Figura 3. Número de treinadores que utilizaram cada tipo de atividade, ao longo das diversas partes da sessão, nas etapas de aquisição de habilidades (a – 10 aos 13 anos de idade) e de treino de jogo (b – 14 aos 17 anos de idade) (O’Connor et al., 2017).

Em termos genéricos, os treinadores prescreveram mais formas de jogo nas sessões de treino (40.9%), sendo o restante tempo destinado a inatividade (31%), formas de treino (22.3%) e transições entre exercícios (5.8%). O tempo de inatividade foi criticado pelos autores e justificado pelas inúmeras paragens dos exercícios, por parte dos treinadores, para ceder instruções/feedbacks. Na estrutura das sessões, os treinadores propuseram mais formas de treino no início (5.4% de atividades individuais e 15.1% de exercícios analíticos), progredindo para formas de jogo em fases mais adiantadas da sessão (15.3% de jogos reduzidos e 24.8% de jogos de maiores dimensões).

A ideia fundamental a reter é a unanimidade da importância das atividades de jogo na formação e aperfeiçoamento de competências específicas do futebol. Em primeiro lugar, o tempo útil de prática também tende a ser mais elevado através do jogo. Em segundo lugar, a literatura científica sobre aprendizagem e desenvolvimento motor sustenta que a interferência contextual, a variabilidade e a aleatoriedade típicas das atividades jogadas promovem o desenvolvimento da tomada de decisão e da inteligência de jogo, facilitando a retenção e a aprendizagem a longo prazo, quando comparadas com outro tipo de atividades como, por exemplo, as formas de treino (O’Connor et al., 2017).

Conclusão

Em plena era da tecnologia e da comunicação, qualquer treinador tem um acesso quase ilimitado a exercícios de treino que, não raras as vezes, são aplicados indiscriminadamente a praticantes com idades e níveis de prática distintos e descurando as particularidades do envolvimento. A adequação dos exercícios aos objetivos formativos, compreendendo as implicações da sua implementação ao nível das necessidades e motivações das crianças/jovens, é uma tarefa nuclear para qualquer treinador desportivo. A própria ciência corrobora a pertinência do lema «aprender a jogar, jogando» ou, alternativamente, «ensinar o jogo através do jogo». De facto, estruturar uma sessão pode compreender um sem número de configurações, contudo, o grosso da prática deve ser destinado ao jogo pelos motivos anteriormente referidos. Como pode haver diversos «futebóis», também poderá haver inúmeras formas de jogo, bastando para tal manipular variáveis como o número de jogadores, as dimensões do espaço, as relações numéricas, o número e as dimensões de balizas/alvos, definir setores/corredores/zonas restritos ou de circulação obrigatória, etc. Isso não implica que exercícios de preparação geral e analíticos sejam completamente descurados. Não, podem e devem ser propostos, mas convém compreender que não são os meios mais propícios para potenciar e modificar o nosso contexto. E a realidade do treinador de formação passa sempre por conseguir transformar o potencial humano através do jogo de futebol.

Referências

Ford, P. R., Yates, I., & Williams, A. M. (2010). An analysis of practice activities and instructional behaviours used by coaches during practice: Exploring the link between science and application. Journal of Sports Sciences, 28(5), 483-495.

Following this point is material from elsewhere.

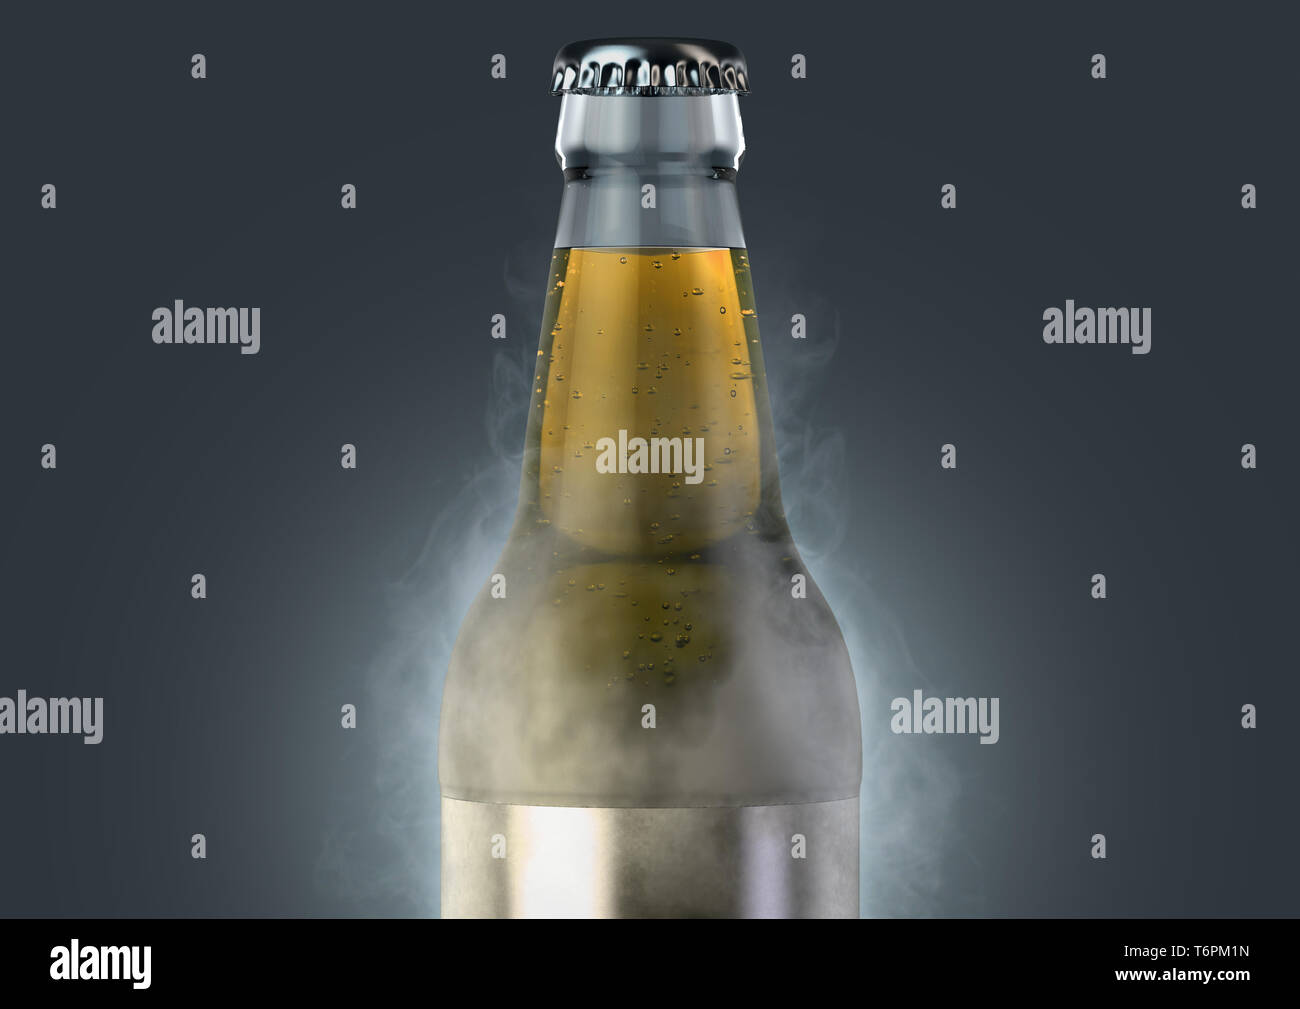 Eine eisige Kälte aus klarem Glas Bier Flasche mit Reif bedeckt und strahlt Eis Sublimation auf einem isolierten dunklen Studio Hintergrund - 3D-Rendering Stockfoto

Hornig, M., Friedhelm, A., & Güllich, A. (2016). Practice and play in the development of German top-level professional football players. European Journal of Sport Science, 16(1), 96-105.

O’Connor, D., Larkin, P., & Williams, A. M. (2017). Observations of youth football training: How do coaches structure training sessions for player development? Journal of Sports Sciences. doi: 10.1080/02640414.2016.1277034.

3 Comentários

  1. João Silva
    3 Novembro, 2017
    Responder

    Ênfase no jogo:

    http://coachmariosilva.blogspot.pt/2016/11/o-minibasketball-da-fiba.html

    Ênfase no jogo:

    http://www.tenis.pt/desenvolvimento-footer/play-and-stay

    Pedagogia comum a todos os desportos, fico feliz, enquanto pai, de ver o Estoril Praia aplicar.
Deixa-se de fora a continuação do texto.